■ PROBLEM REQUIREMENTS: Print each record below word for word.

■ RECORD SET:
*** Begin section ***
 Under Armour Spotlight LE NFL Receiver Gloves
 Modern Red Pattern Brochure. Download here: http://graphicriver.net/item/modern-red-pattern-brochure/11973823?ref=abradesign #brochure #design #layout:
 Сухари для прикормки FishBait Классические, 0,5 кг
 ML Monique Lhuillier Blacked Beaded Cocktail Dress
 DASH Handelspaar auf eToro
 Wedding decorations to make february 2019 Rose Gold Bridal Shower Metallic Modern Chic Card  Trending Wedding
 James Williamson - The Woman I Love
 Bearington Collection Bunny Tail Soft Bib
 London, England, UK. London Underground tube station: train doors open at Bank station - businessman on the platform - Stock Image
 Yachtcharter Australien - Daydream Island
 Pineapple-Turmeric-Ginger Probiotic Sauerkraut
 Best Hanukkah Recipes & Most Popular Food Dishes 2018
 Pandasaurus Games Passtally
*** End section ***
■ SOLUTION FOR THIS PROBLEM:
 Under Armour Spotlight LE NFL Receiver Gloves
 Modern Red Pattern Brochure. Download here: http://graphicriver.net/item/modern-red-pattern-brochure/11973823?ref=abradesign #brochure #design #layout:
 Сухари для прикормки FishBait Классические, 0,5 кг
 ML Monique Lhuillier Blacked Beaded Cocktail Dress
 DASH Handelspaar auf eToro
 Wedding decorations to make february 2019 Rose Gold Bridal Shower Metallic Modern Chic Card  Trending Wedding
 James Williamson - The Woman I Love
 Bearington Collection Bunny Tail Soft Bib
 London, England, UK. London Underground tube station: train doors open at Bank station - businessman on the platform - Stock Image
 Yachtcharter Australien - Daydream Island
 Pineapple-Turmeric-Ginger Probiotic Sauerkraut
 Best Hanukkah Recipes & Most Popular Food Dishes 2018
 Pandasaurus Games Passtally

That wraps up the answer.